You are viewing a plain text version of this content. The canonical link for it is here.
Posted to commits@airflow.apache.org by bo...@apache.org on 2017/01/13 20:22:21 UTC

[5/7] incubator-airflow git commit: [AIRFLOW-747] Fix retry_delay not honoured

[AIRFLOW-747] Fix retry_delay not honoured

Dag runs were marked deadlocked although a task was
still up for retry and in its retry_delay period.

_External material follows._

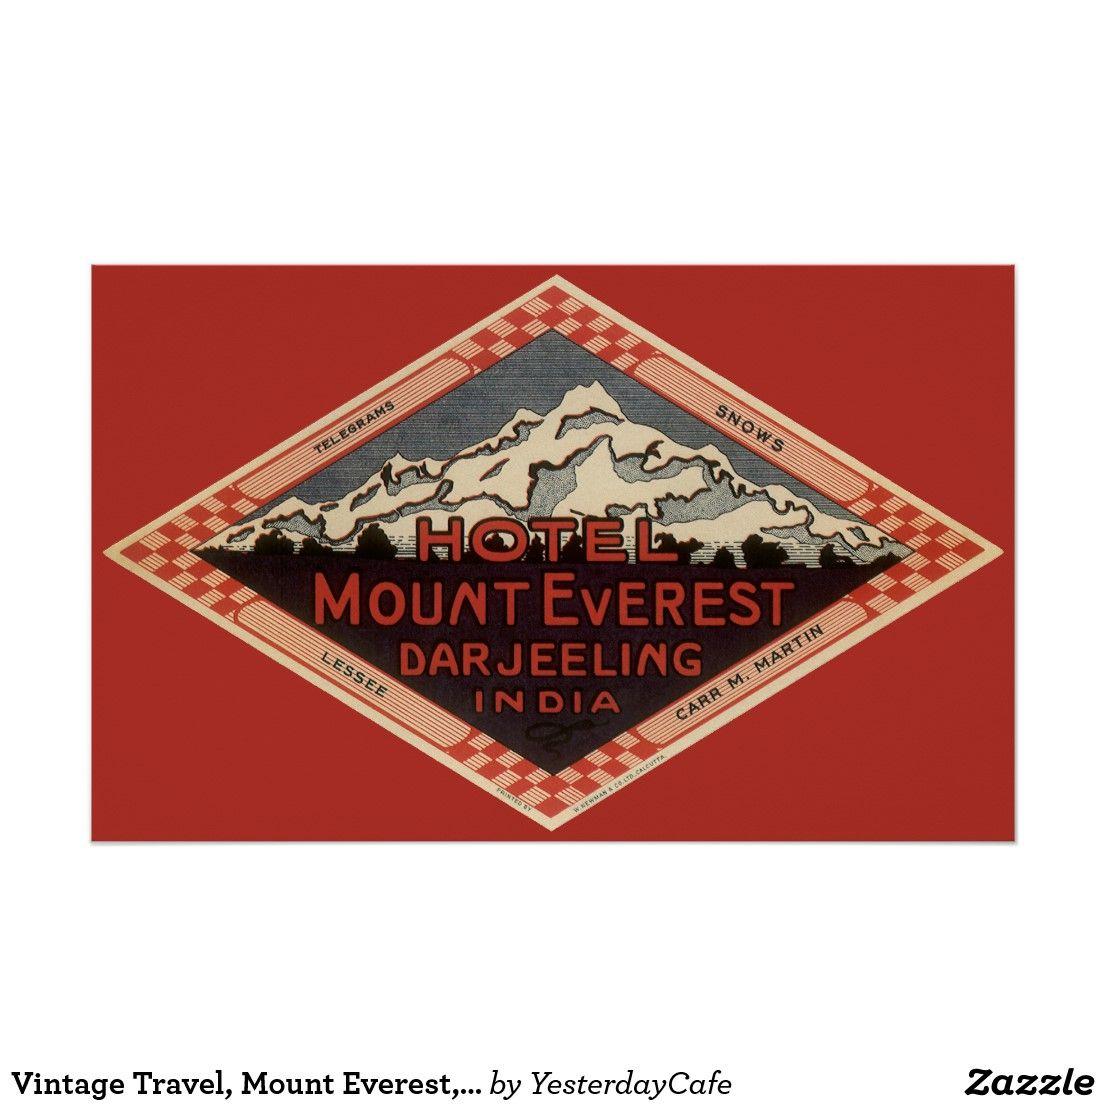 Vintage Travel Mount Everest Darjeeling India Poster Zazzle Com In 2020 Vintage Travel India Poster Vintage Travel Posters
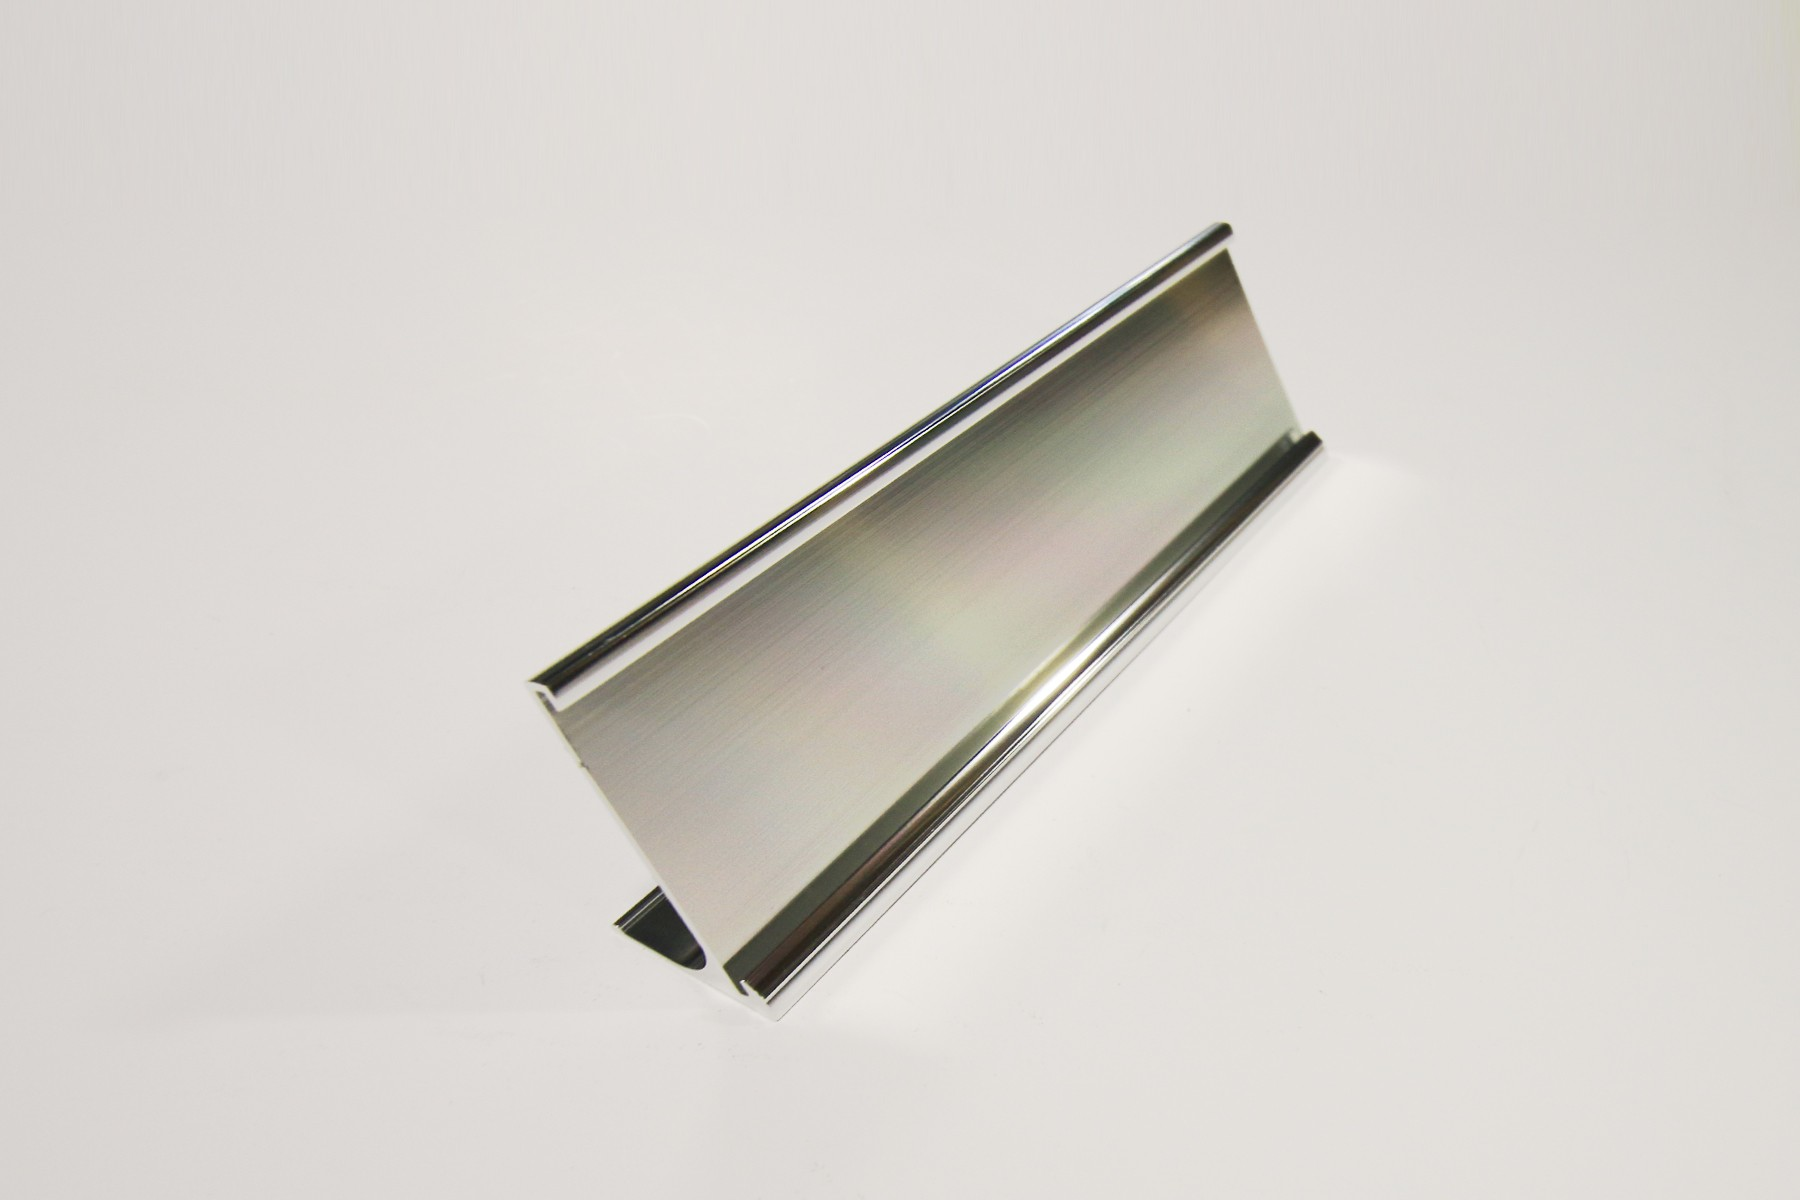 2 x 10 Desk Holder, Silver

Next to
that _execute_task_instances was picking up tasks in
UP_FOR_RETRY state directly from the database, while
tasks that pass the dependency check will be set to scheduled.


Project: http://git-wip-us.apache.org/repos/asf/incubator-airflow/repo
Commit: http://git-wip-us.apache.org/repos/asf/incubator-airflow/commit/68f484cd
Tree: http://git-wip-us.apache.org/repos/asf/incubator-airflow/tree/68f484cd
Diff: http://git-wip-us.apache.org/repos/asf/incubator-airflow/diff/68f484cd

Branch: refs/heads/v1-8-test
Commit: 68f484cd6073351ccd01d60279a982cfa272cfa5
Parents: e0f5c0c
Author: Bolke de Bruin <bo...@xs4all.nl>
Authored: Fri Jan 13 12:25:26 2017 +0100
Committer: Bolke de Bruin <bo...@xs4all.nl>
Committed: Fri Jan 13 20:52:07 2017 +0100

----------------------------------------------------------------------
 airflow/jobs.py                                 | 11 +++++++++--
 airflow/models.py                               | 10 ++++++++--
 airflow/ti_deps/dep_context.py                  |  4 ++++
 airflow/ti_deps/deps/not_in_retry_period_dep.py |  6 ++++++
 tests/jobs.py                                   | 10 ++++++++--
 5 files changed, 35 insertions(+), 6 deletions(-)
----------------------------------------------------------------------


http://git-wip-us.apache.org/repos/asf/incubator-airflow/blob/68f484cd/airflow/jobs.py
----------------------------------------------------------------------
diff --git a/airflow/jobs.py b/airflow/jobs.py
index 819d107..6906625 100644
--- a/airflow/jobs.py
+++ b/airflow/jobs.py
@@ -875,6 +875,7 @@ class SchedulerJob(BaseJob):
             .query(models.TaskInstance)
             .filter(models.TaskInstance.dag_id.in_(simple_dag_bag.dag_ids))
             .filter(models.TaskInstance.state.in_(old_states))
+            .with_for_update()
             .all()
         )
         """:type: list[TaskInstance]"""
@@ -1050,6 +1051,13 @@ class SchedulerJob(BaseJob):
                                  .format(task_instance.key, priority, queue))
 
                 # Set the state to queued
+                task_instance.refresh_from_db(lock_for_update=True, session=session)
+                if task_instance.state not in states:
+                    self.logger.info("Task {} was set to {} outside this scheduler."
+                                     .format(task_instance.key, task_instance.state))
+                    session.commit()
+                    continue
+
                 self.logger.info("Setting state of {} to {}".format(
                     task_instance.key, State.QUEUED))
                 task_instance.state = State.QUEUED
@@ -1393,8 +1401,7 @@ class SchedulerJob(BaseJob):
                                                           State.NONE)
 
                 self._execute_task_instances(simple_dag_bag,
-                                             (State.SCHEDULED,
-                                              State.UP_FOR_RETRY))
+                                             (State.SCHEDULED,))
 
             # Call hearbeats
             self.logger.info("Heartbeating the executor")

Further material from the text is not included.